NEW YORK/WASHINGTON (Reuters) - Tens of thousands of people rallied in U.S. cities and at airports on Sunday to voice outrage over President Donald Trump's executive order restricting entry into the country for travelers from seven Muslim-majority nations.
In New York, Washington and Boston, a second wave of demonstrations began the afternoon after spontaneous rallies broke out at U.S. airports on Saturday as U.S. Customs and Border Protection agents began enforcing Trump's directive. The protests on Sunday were expected to spread westward as the day progressed.

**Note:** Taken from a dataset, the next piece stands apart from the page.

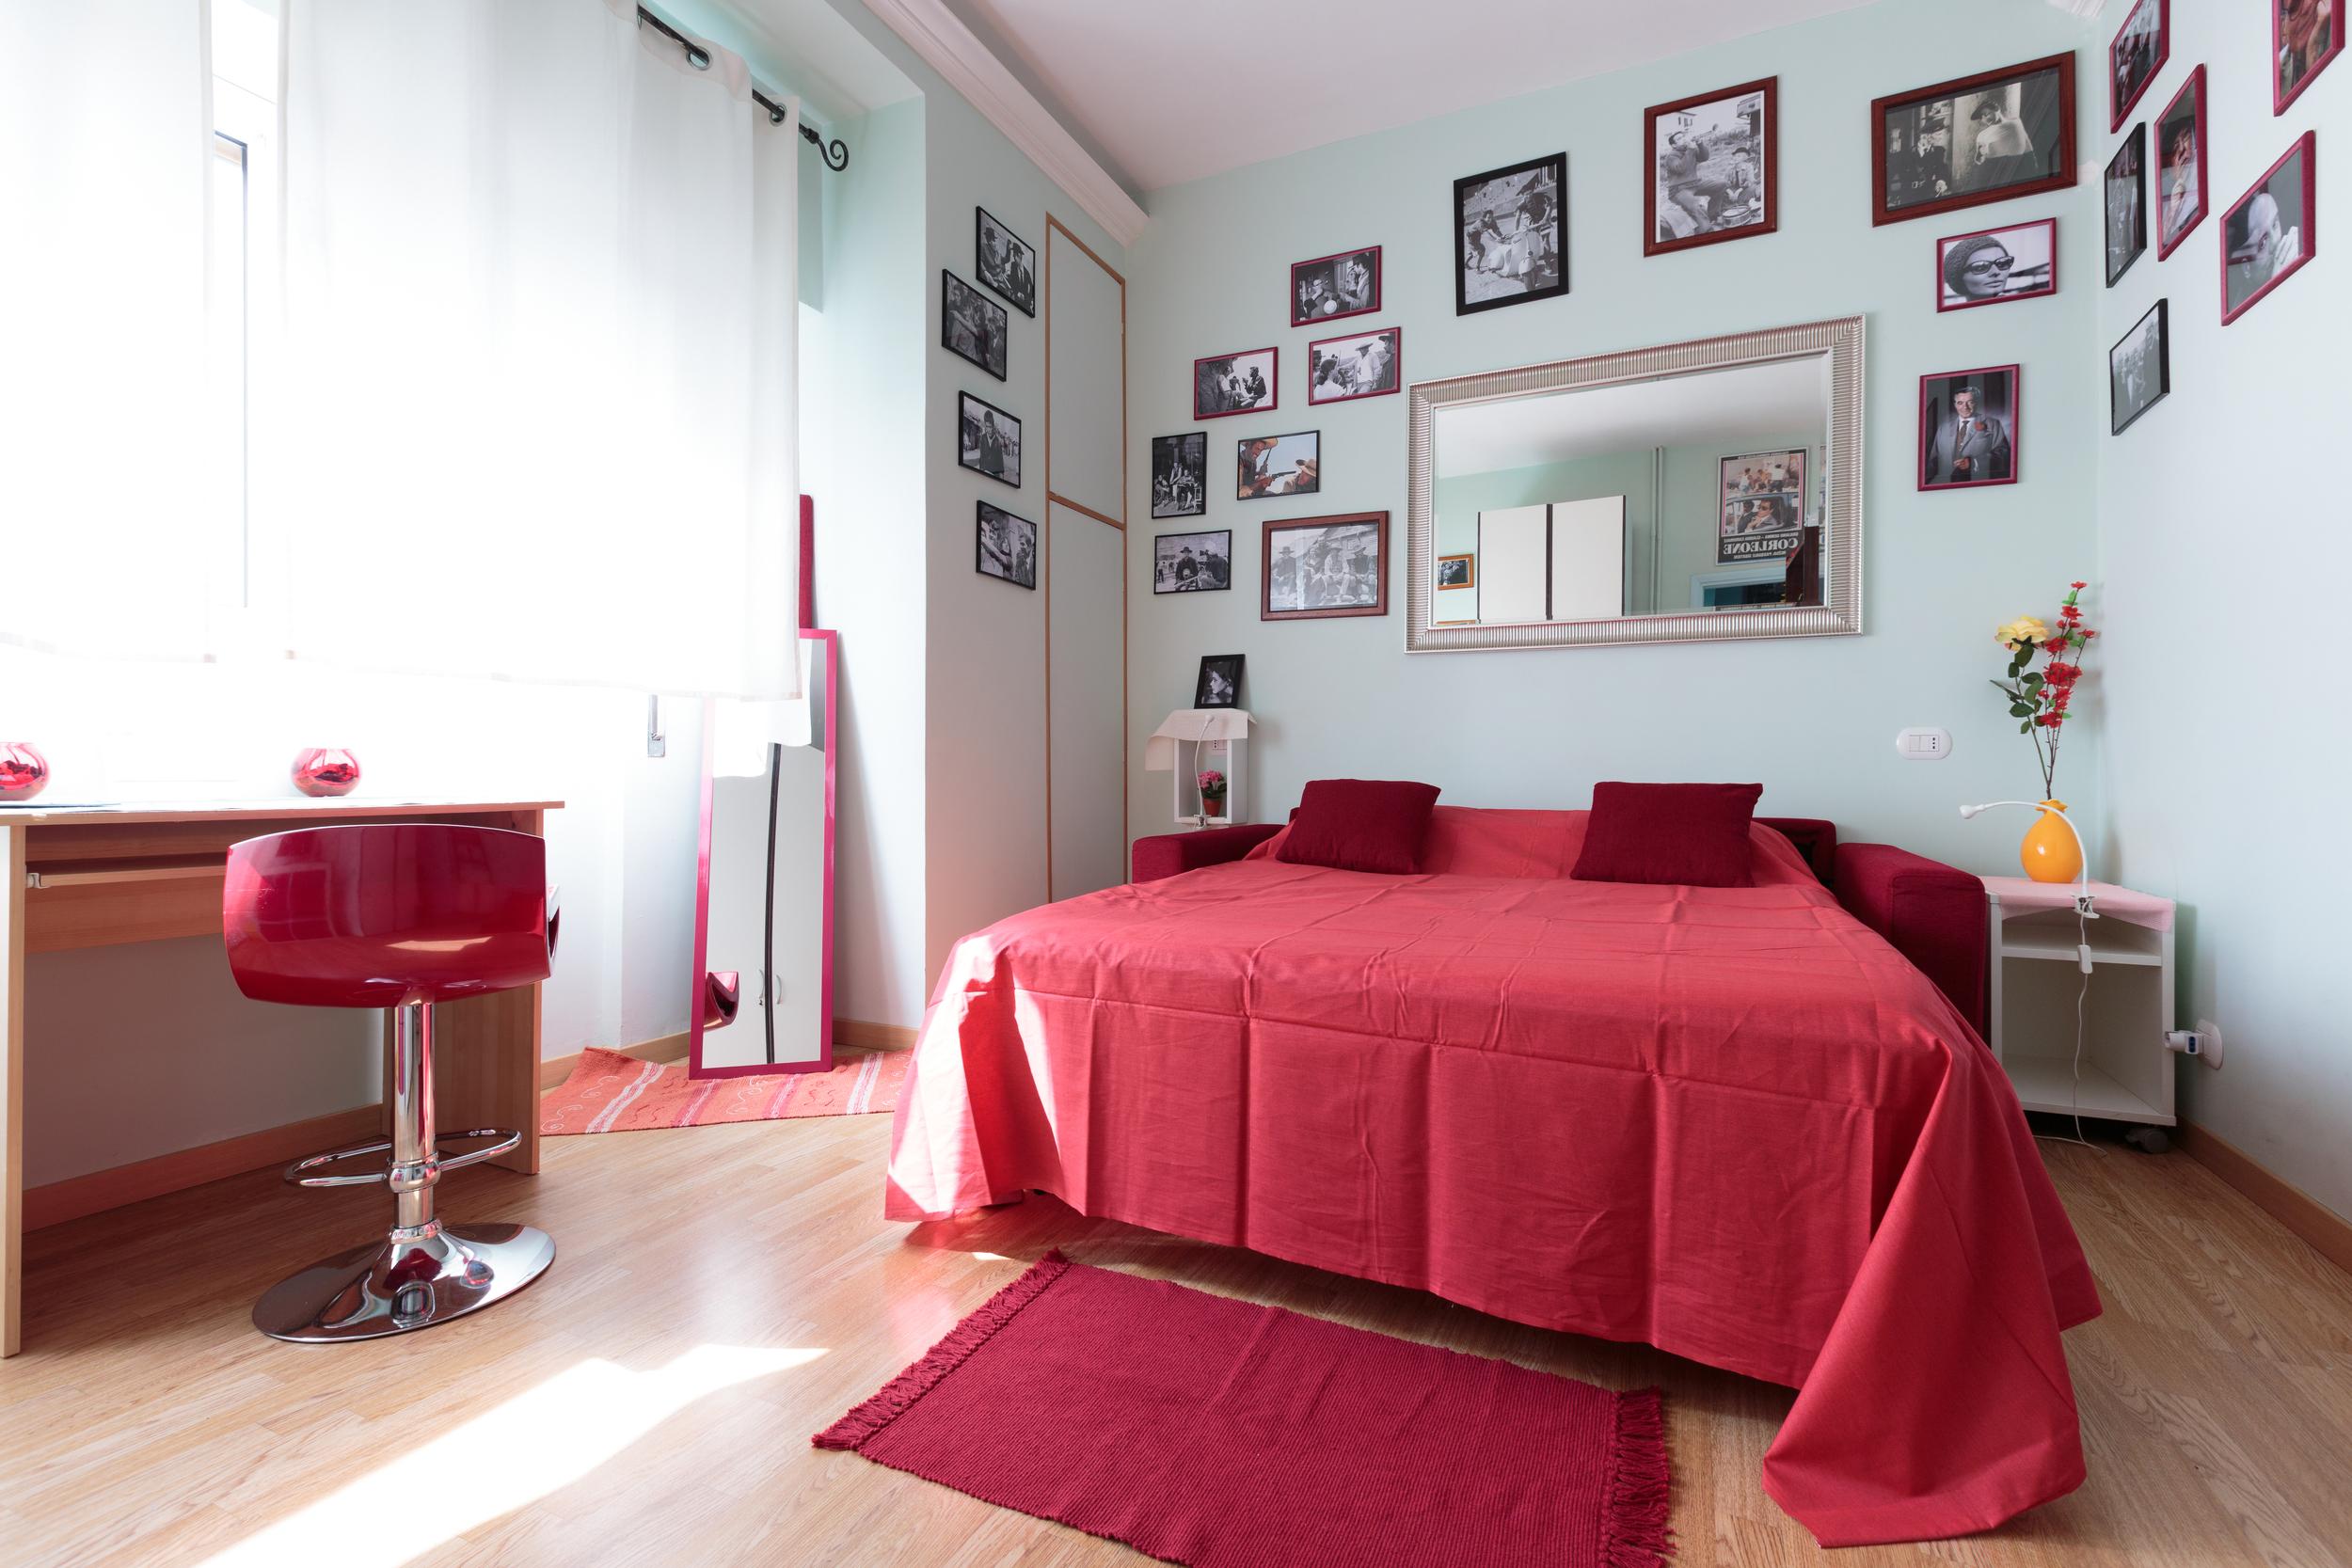 redroom1.jpg

The president's order, which bars admission of Syrian refugees and suspends travel to the United States from Iraq, Iran, Sudan and four other countries on national security grounds, has led to the detention or deportation of hundreds of people arriving at U.S. airports.
It was the second straight weekend of large-scale protests. Last Saturday, hundreds of thousands of women participated in an anti-Trump rally and march in D.C., one of dozens staged across the country.
Trump defended the executive order in a statement on Sunday, saying the United States would resume issuing visas to all countries once secure policies were put in place over the next 90 days.
"To be clear, this is not a Muslim ban, as the media is falsely reporting," Trump said. "This is not about religion - this is about terror and keeping our country safe."
'Never again means never again'
Aria Grabowski, 30, of Washington, was carrying a sign that read: “Never again means never again for everyone.”
Above the slogan was a photograph of Jewish refugees who fled Germany in 1939 on a ship, the St. Louis, that was turned away from Havana, Cuba, and forced to return to Europe. More than 250 people aboard the ship were eventually killed by the Nazis.
Rhonda Reese, 56, a Muslim from northern Virginia, said: "As a Muslim, I do appreciate the support that I see. Our community feels under siege right now."
In Houston, already filling up with visitors for next Sunday's Super Bowl, about 500 people marched through the downtown.
Jennifer Fagen, 47, a professor of sociology at Lamar University in Beaumont, Texas, said she hoped she did not lose her job for protesting.
"I'm Jewish and it's supposed to be never again. Jews should be the first ones to defend Muslims considering what has happened to us and it seems it's being repeated under Trump," Fagen said, referring to the Holocaust.
One of the largest of Sunday's protests took place at Battery Park in lower Manhattan, within sight of the Statue of Liberty in New York Harbor, long a symbol of welcome to U.S. shores.
Democratic Senator Charles Schumer of New York told the crowd that the Trump order was un-American and ran counter to the country's core values.
The march, estimated to have grown to about 10,000 people, later began heading to the U.S. Customs and Border Protection office in lower Manhattan.